A nonlinear, nonstationary process given by the following stochastic model [1]:

$x_t = x_{t-1} + a_t a_{t-1}$

with $a_t ~ N(0,1)$ being stationary. The nonlinearity lies in the $a_t a_{t-1}$ term. This is, in essence, a nonlinear random walk. x₀ sets the initial condition.

Literature references

1. Lucio et al., Phys. Rev. E 85, 056202 (2012).

SNLST(n_steps, x₀, k)

Dynamically linear process transformed by a strongly nonlinear static transformation (SNLST), given by the following map [1]:

$x(t) = k*x(t-1) + a(t)$

with the transformation $s(t) = x(t)^3$.

Literature references

1. Lucio et al., Phys. Rev. E 85, 056202 (2012).

randomwalk(n_steps, x₀)

Linear random walk (AR(1) process with a unit root) [1]

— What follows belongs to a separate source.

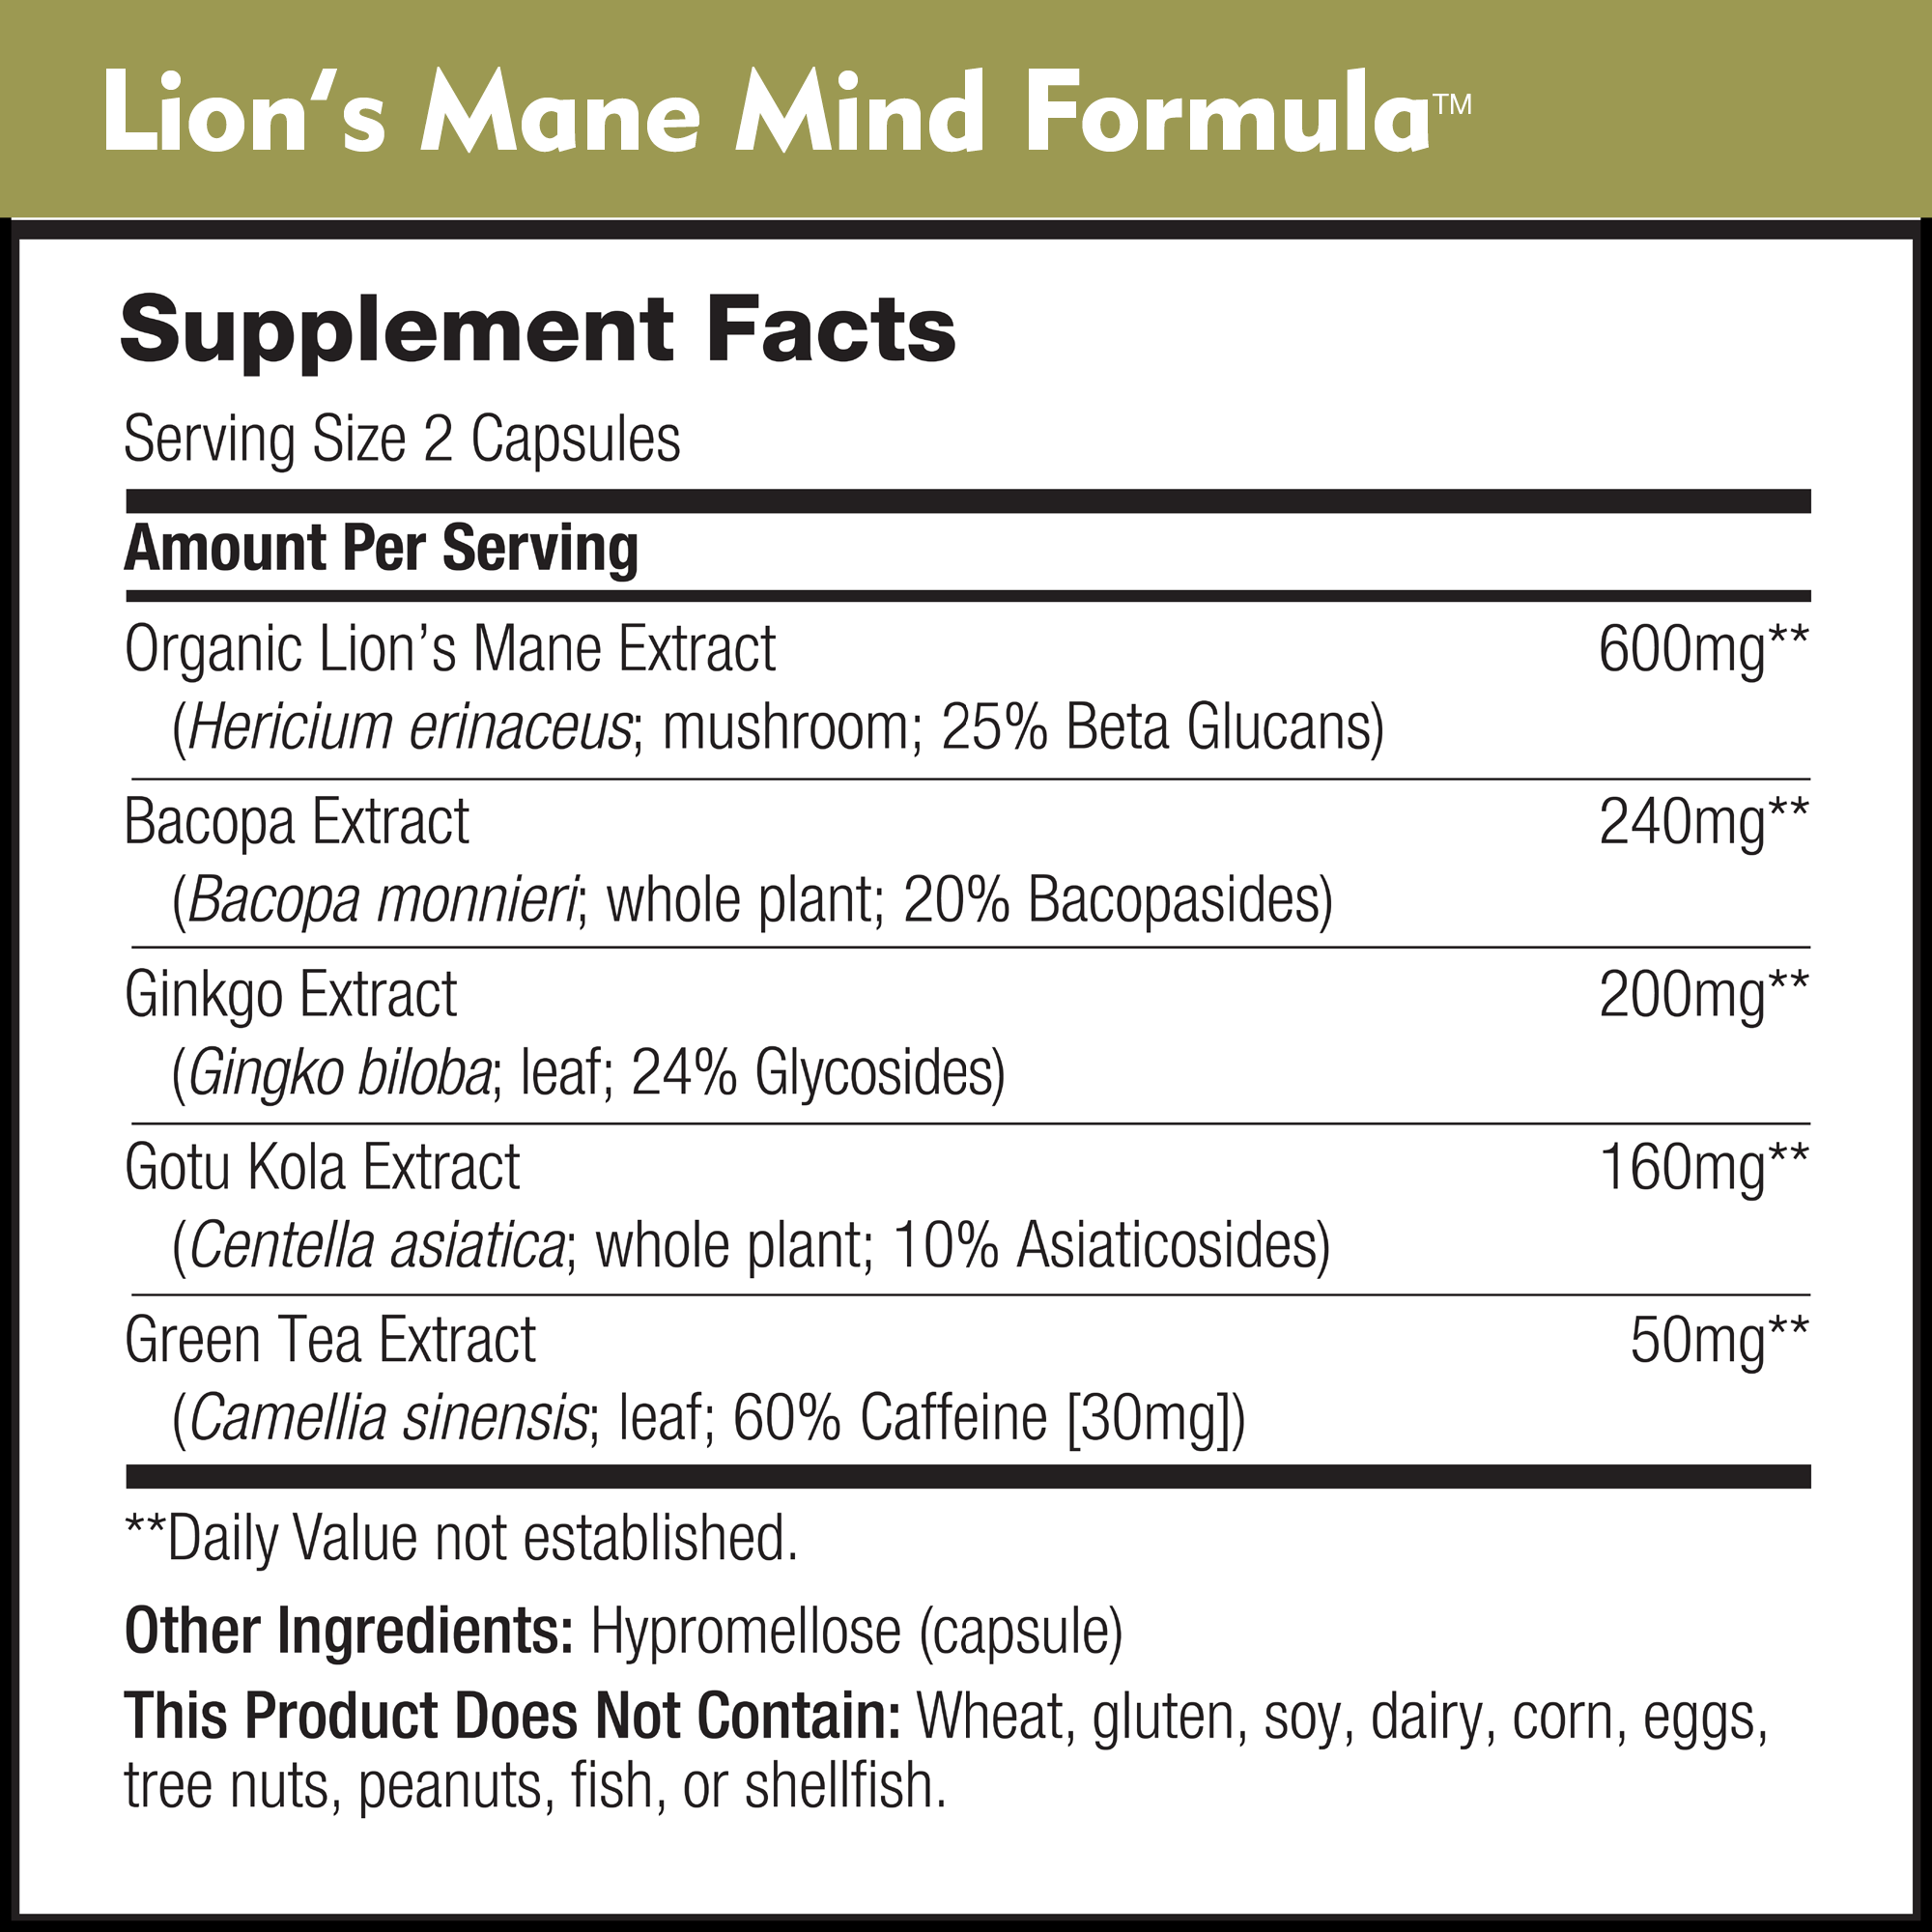 Lion's Mane Mind Formula

This is an example of a nonstationary linear process.

Literature references

1. Lucio et al., Phys. Rev. E 85, 056202 (2012).

NSAR2(n_steps, x₀, x₁)

Cyclostationary AR(2) process given by the following map [2]

$x_t = a₁(t) * x_{t-1} + a₋ x_{t-2} + ϵ_t$.

where

$a₁(t) = 2 cos[2pi / T(t)] * exp(-1 / τ)$,

$T(t) = T_0 + M * sin(2 pi t / T_{mod})$,

$a₂ = exp(-2 / au)$,

and x₀ and x₁ sets the initial conditions.

Literature references

1. Lucio et al., Phys. Rev. E 85, 056202 (2012), after J. Timmer, Phys. Rev. E 58, 5153

(1998).

AR1(n_steps, x₀, k)

Simple AR(1) model with no static transformation given by the following map [1]:

$x[i] = k*x[i-1] + a[i]$,

where a[i] is a draw from a normal distribution with zero mean and unit variance. x₀ sets the initial condition and k is the tunable parameter in the map.

Literature references

1. Lucio et al., Phys. Rev. E 85, 056202 (2012).